Analysis on DRAGEN Server

Prerequisites

  • DRAGEN Phase 3 or 4 server

  • DRAGEN License

  • Network Storage Sever

DRAGEN server

DRAGEN phase 4 server is recommended especially for datasets from NovaSeq X instruments. The server has 12 TB of intermediate data storage space for full processing of a NovaSeq X 25B flow cell.

DRAGEN phase 3 server has 6 TB of intermediate data storage space, and is recommended for flow cells from the NovaSeq 6000 or 6000 Dx instruments.

DRAGEN license

The pipeline uses the standard DRAGEN license without requiring any special licenses.

NFS and CIFS file servers

The pipeline is designed to stream data from a network file server onto the DRAGEN server, complete the analysis using the /staging area of the high performance SSD. and then stream the analysis output back to the network file server.

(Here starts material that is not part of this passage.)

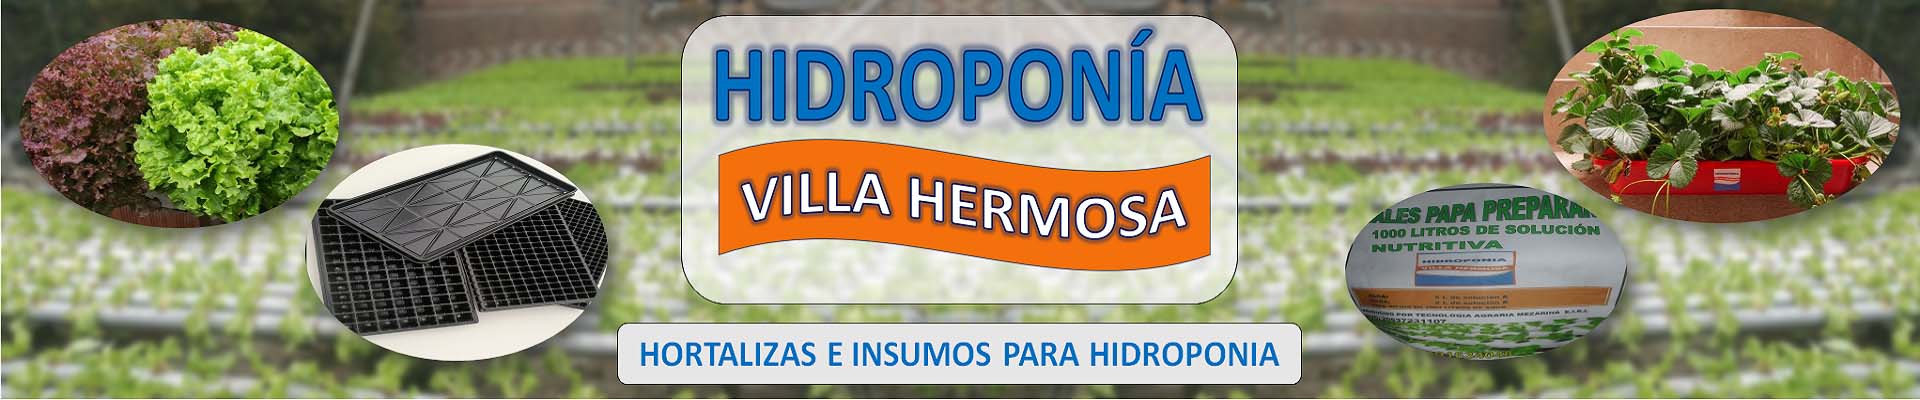 Hidroponía Villa Hermosa
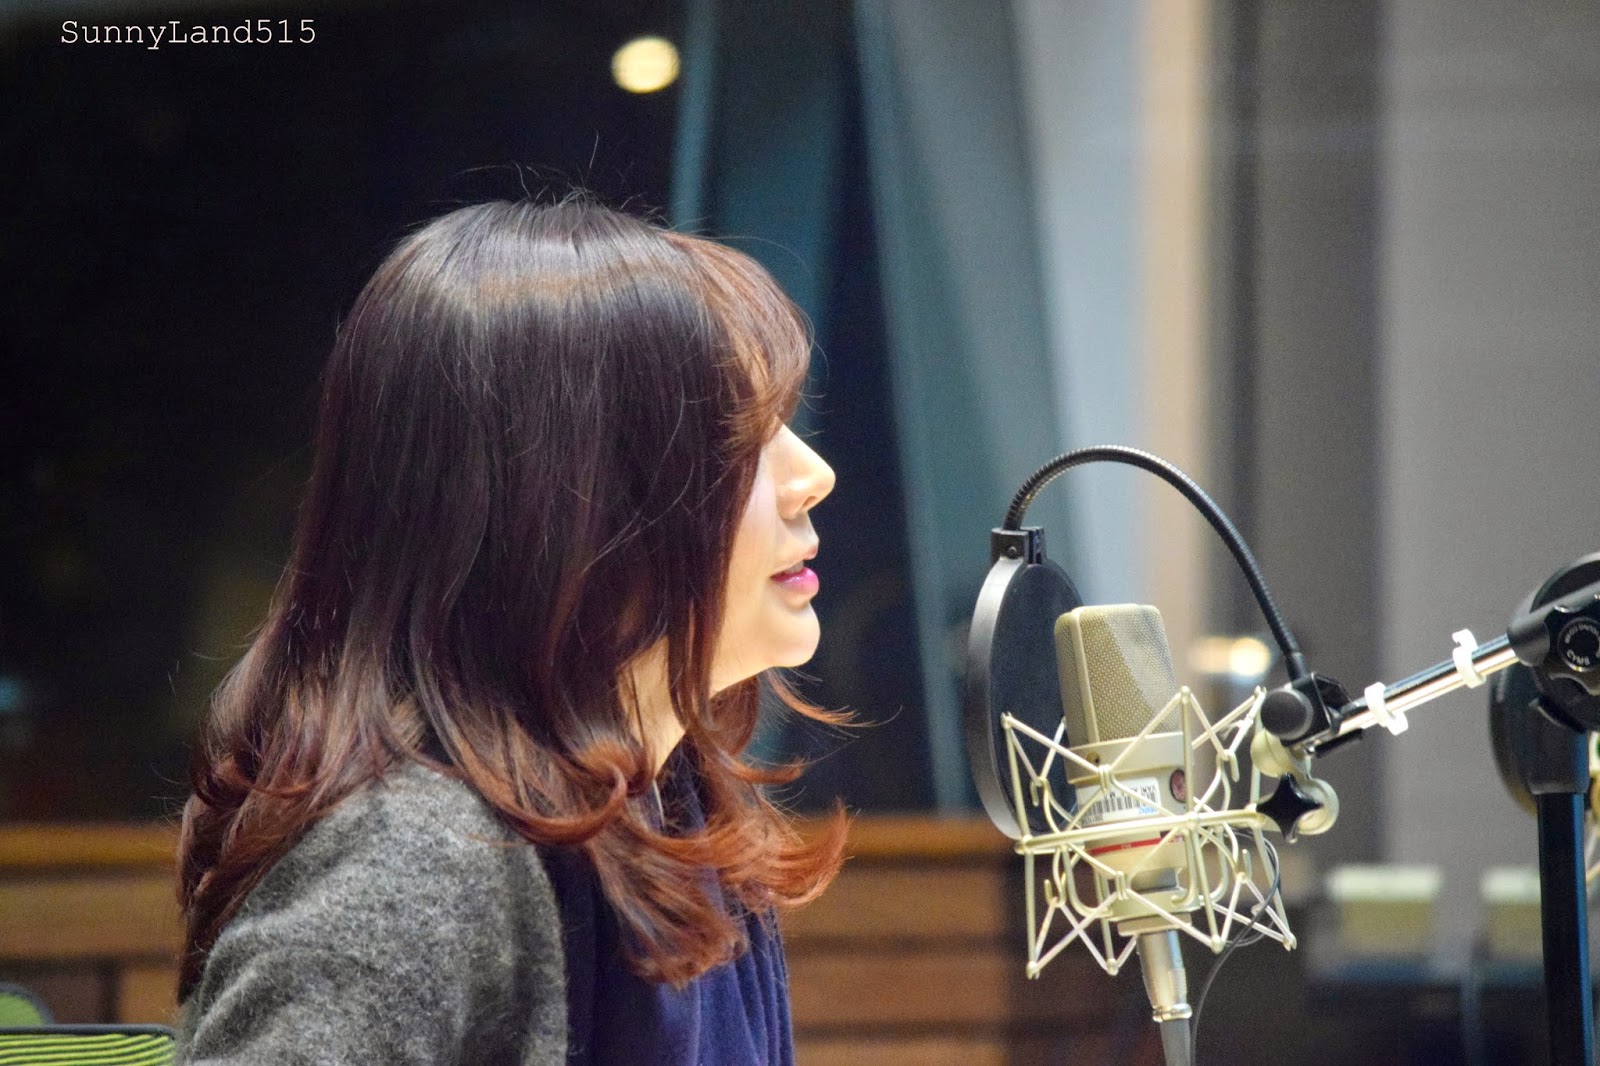 [OTHER][06-02-2015]Hình ảnh mới nhất từ DJ Sunny tại Radio MBC FM4U - "FM Date" - Page 10 DSC_0128_Fotor

The network file server may be mounted to the DRAGEN server using the NFS or CIFS protocol.

Starting from BCL Files

If starting from BCL (*.bcl) files, the pipeline requires the run folder to contain certain files and folders. These inputs are required for Docker.

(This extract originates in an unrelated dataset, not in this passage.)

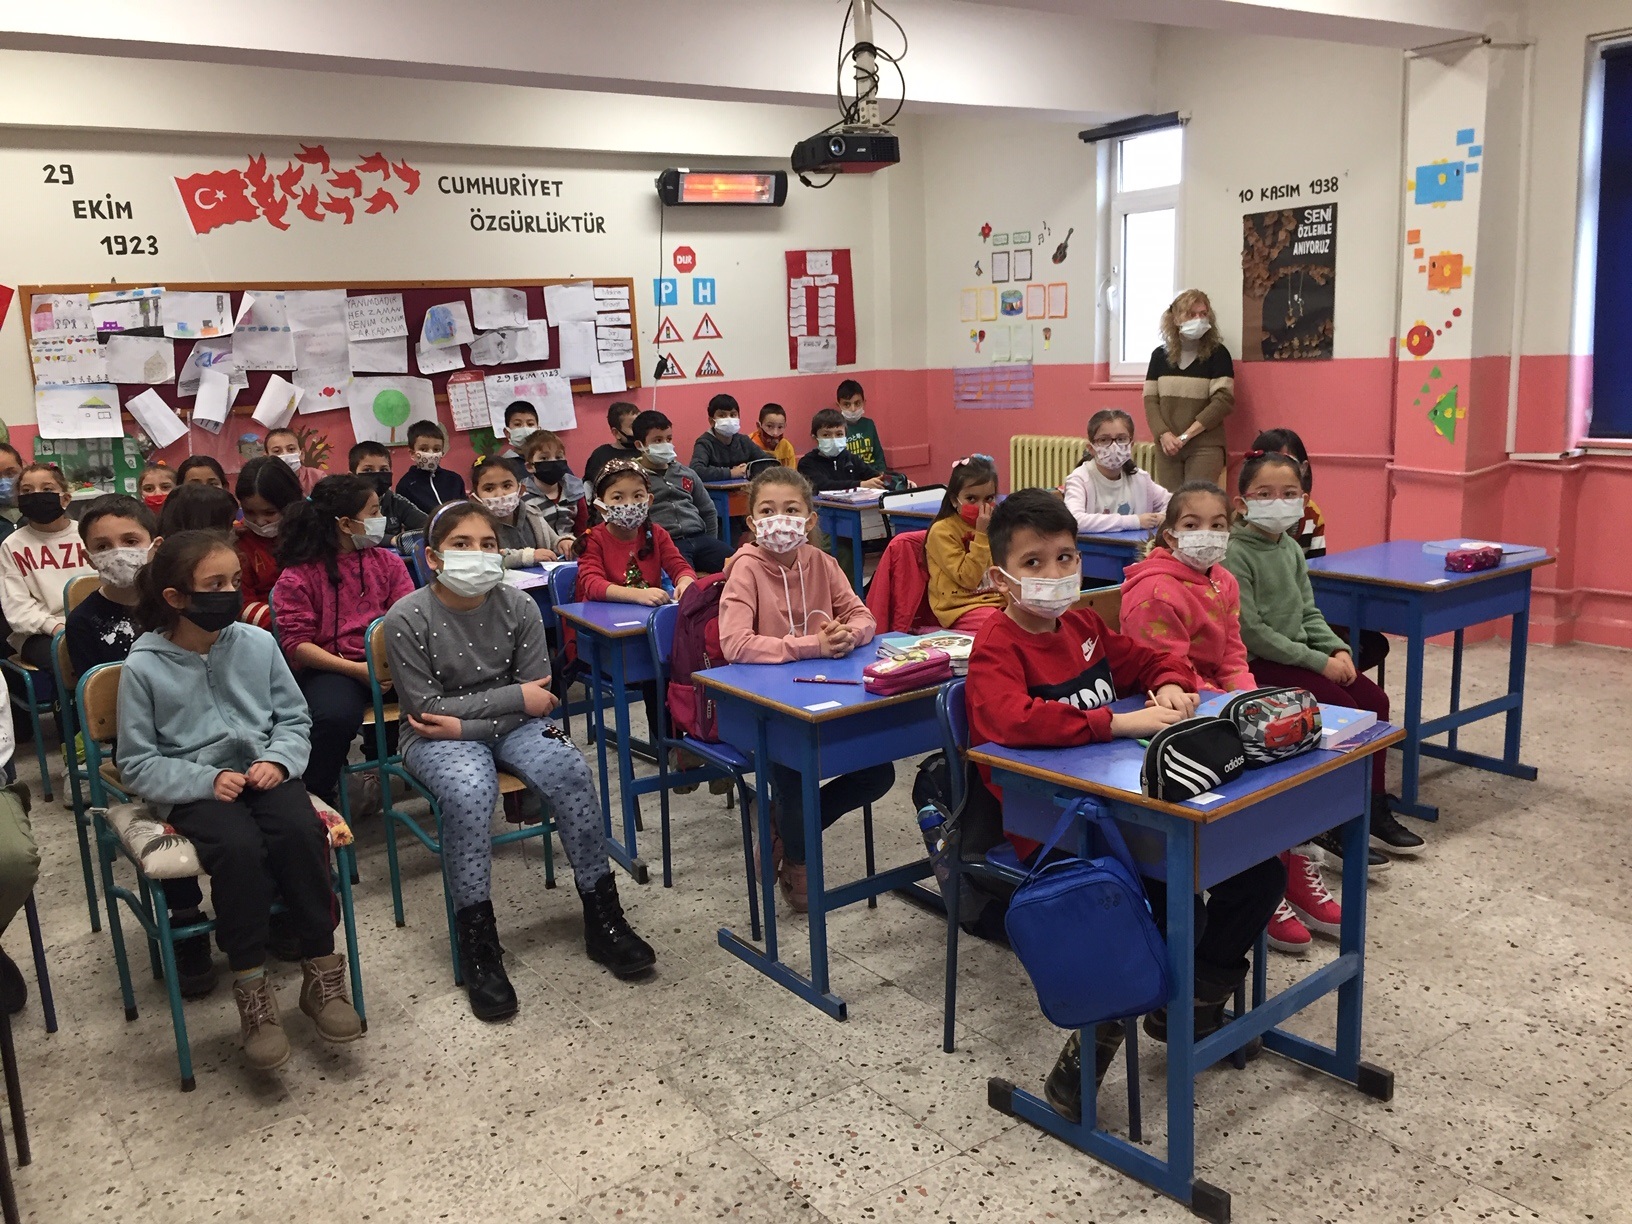 Gözpınar İlkokulu'nda Sıfır Atık Konulu Eğitim Verildi

The run folder contains data from the sequencing run, make sure that the folder contains the following files:

Folder/File
Description

Config folder

Configuration files

Data folder

*.bcl files

Images folder

[Optional] Raw sequencing image files.

Interop folder

Interop metric files.

Logs folder

[Optional] Sequencing system log files.

RTALogs folder

Real-Time Analysis (RTA) log files.

RunInfo.xml file

Run information.

RunParameters.xml file

Run parameters.

SampleSheet.csv file

Sample information. If you want to use a sample sheet that is not in the run folder or a sample sheet named something other than SampleSheet.csv, provide the full path.

Starting from FASTQ Files

The following inputs are required for running the using FASTQ (*.fastq) files. The requirements apply to Docker.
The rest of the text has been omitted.